### Work item
Print the whole listing below exactly, skipping every picture.

### Supplied information
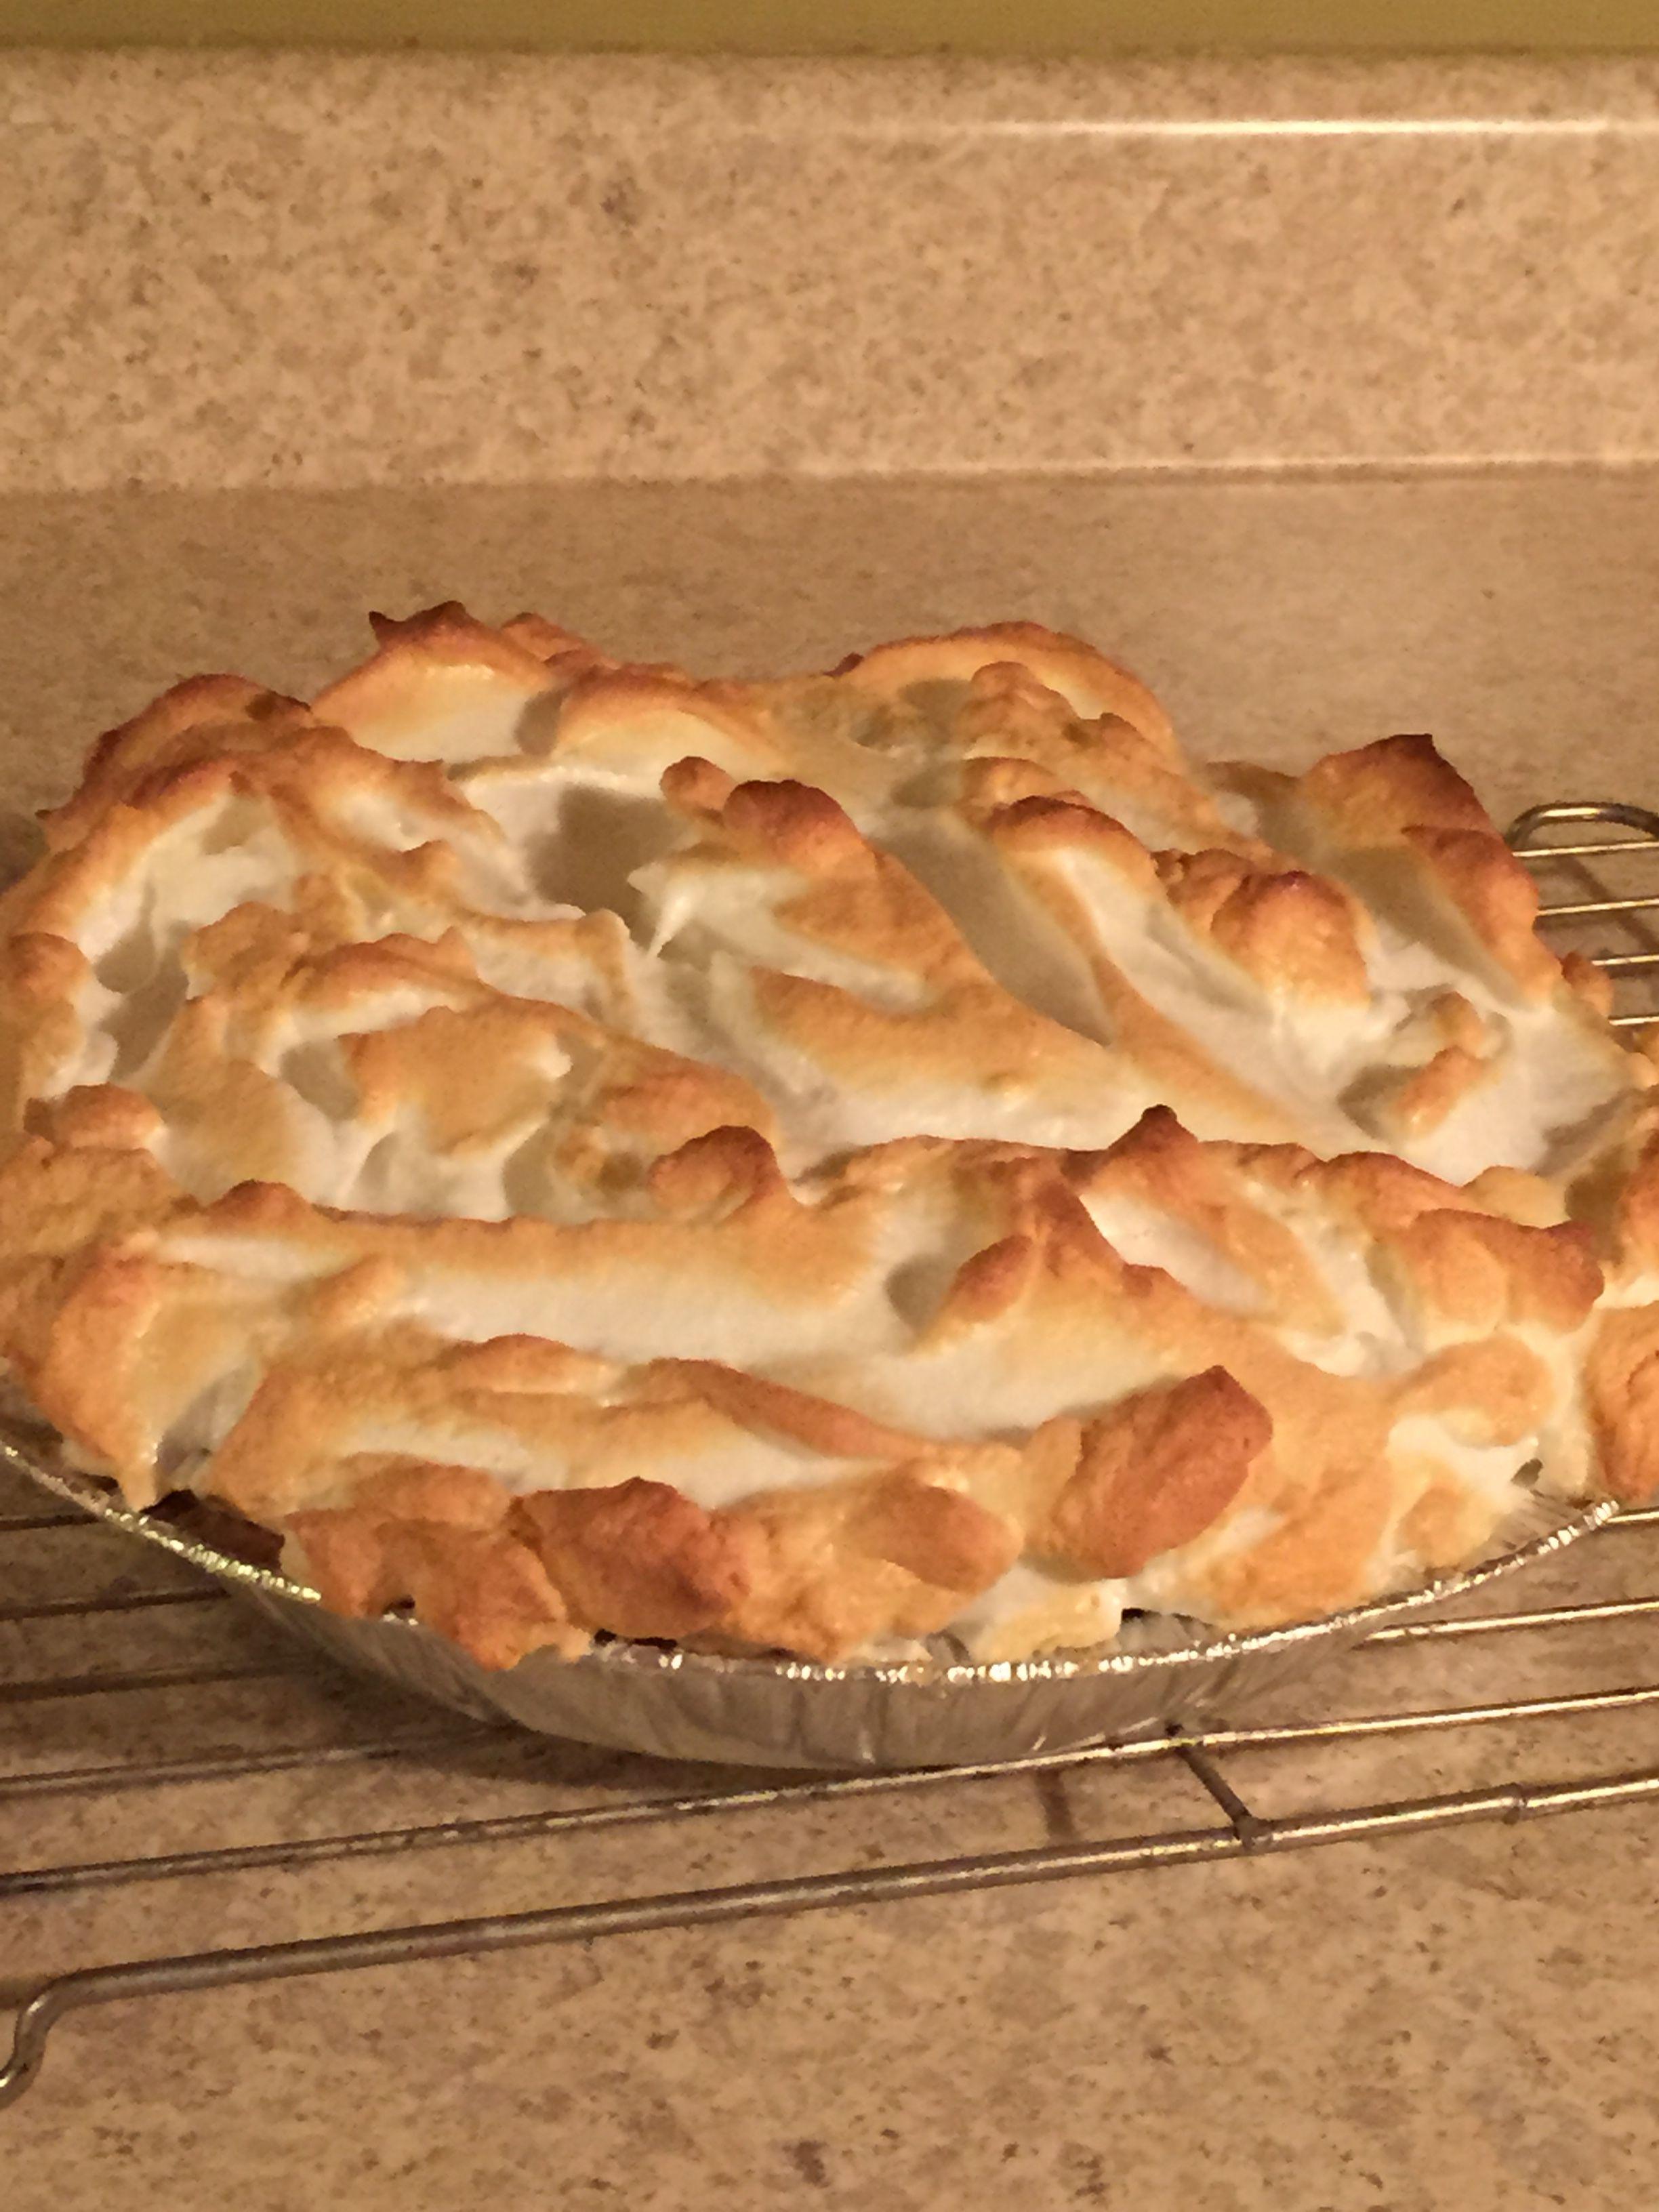 Lemon Meringue pie - homemade
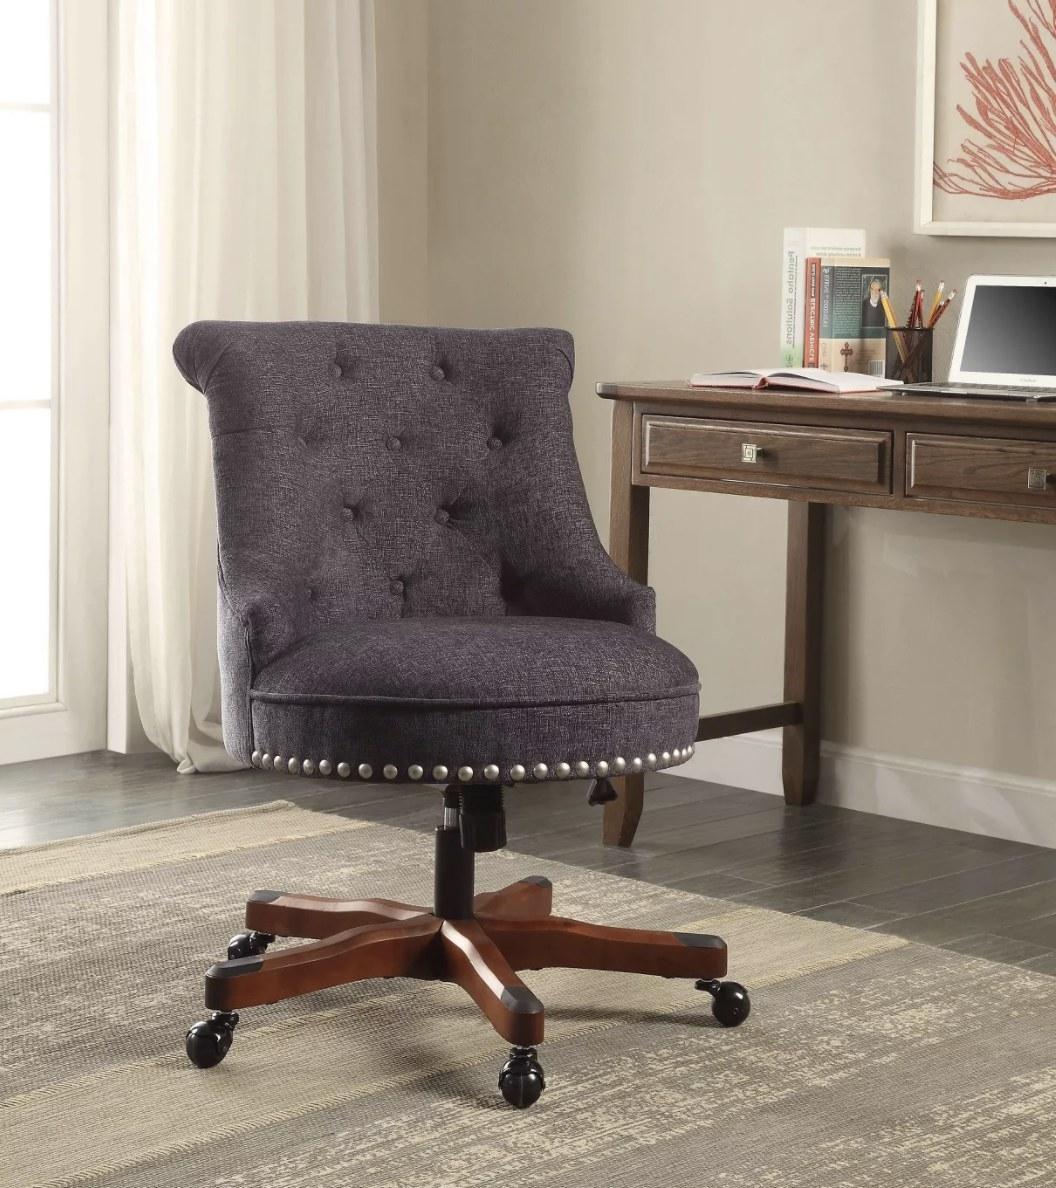 A wheeled armless office chair in dark blue
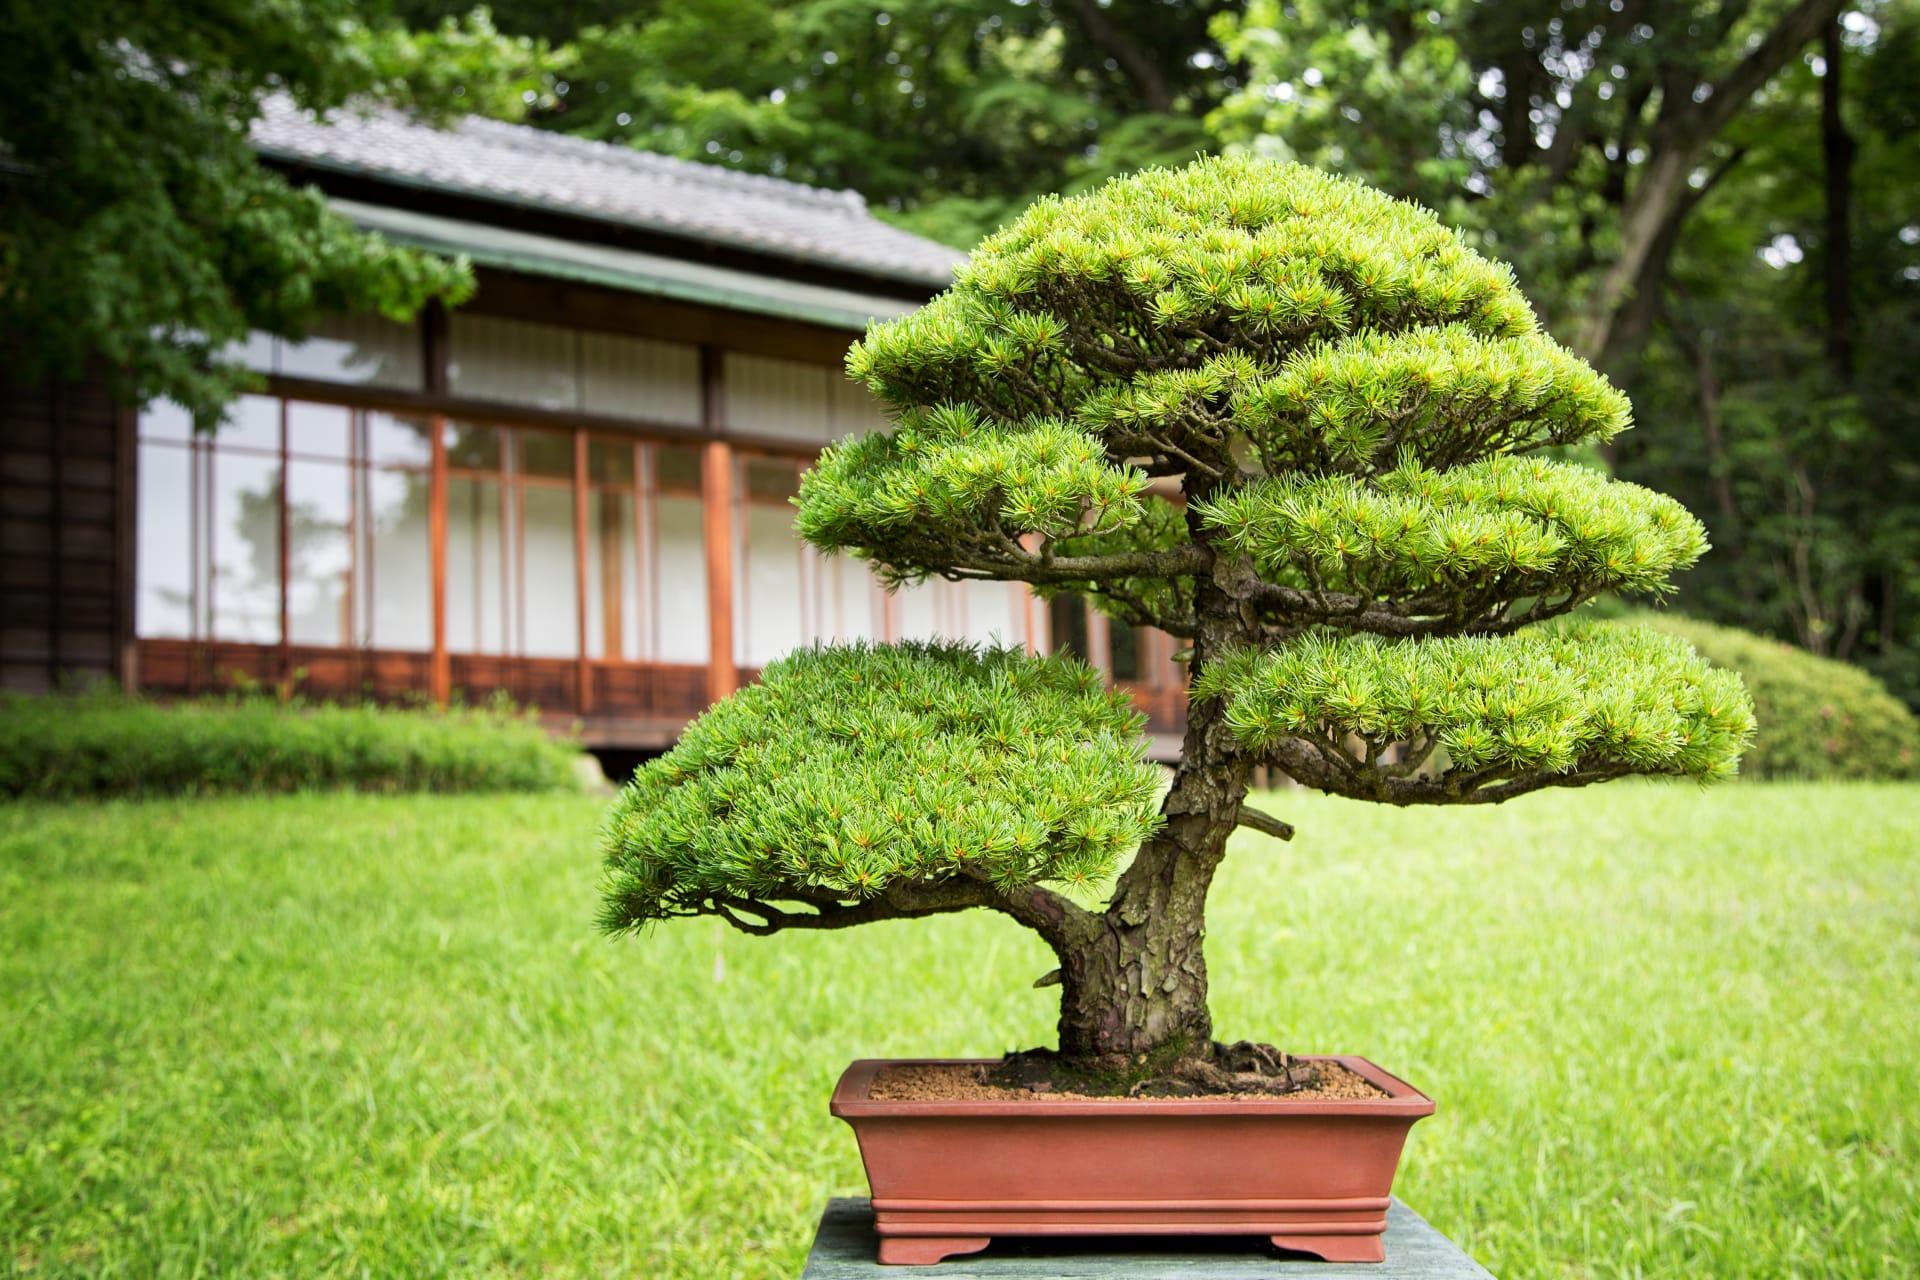 Tokyo - The Living Art of Bonsai Trees

### Result for this task
 Lemon Meringue pie - homemade
 A wheeled armless office chair in dark blue
 Tokyo - The Living Art of Bonsai Trees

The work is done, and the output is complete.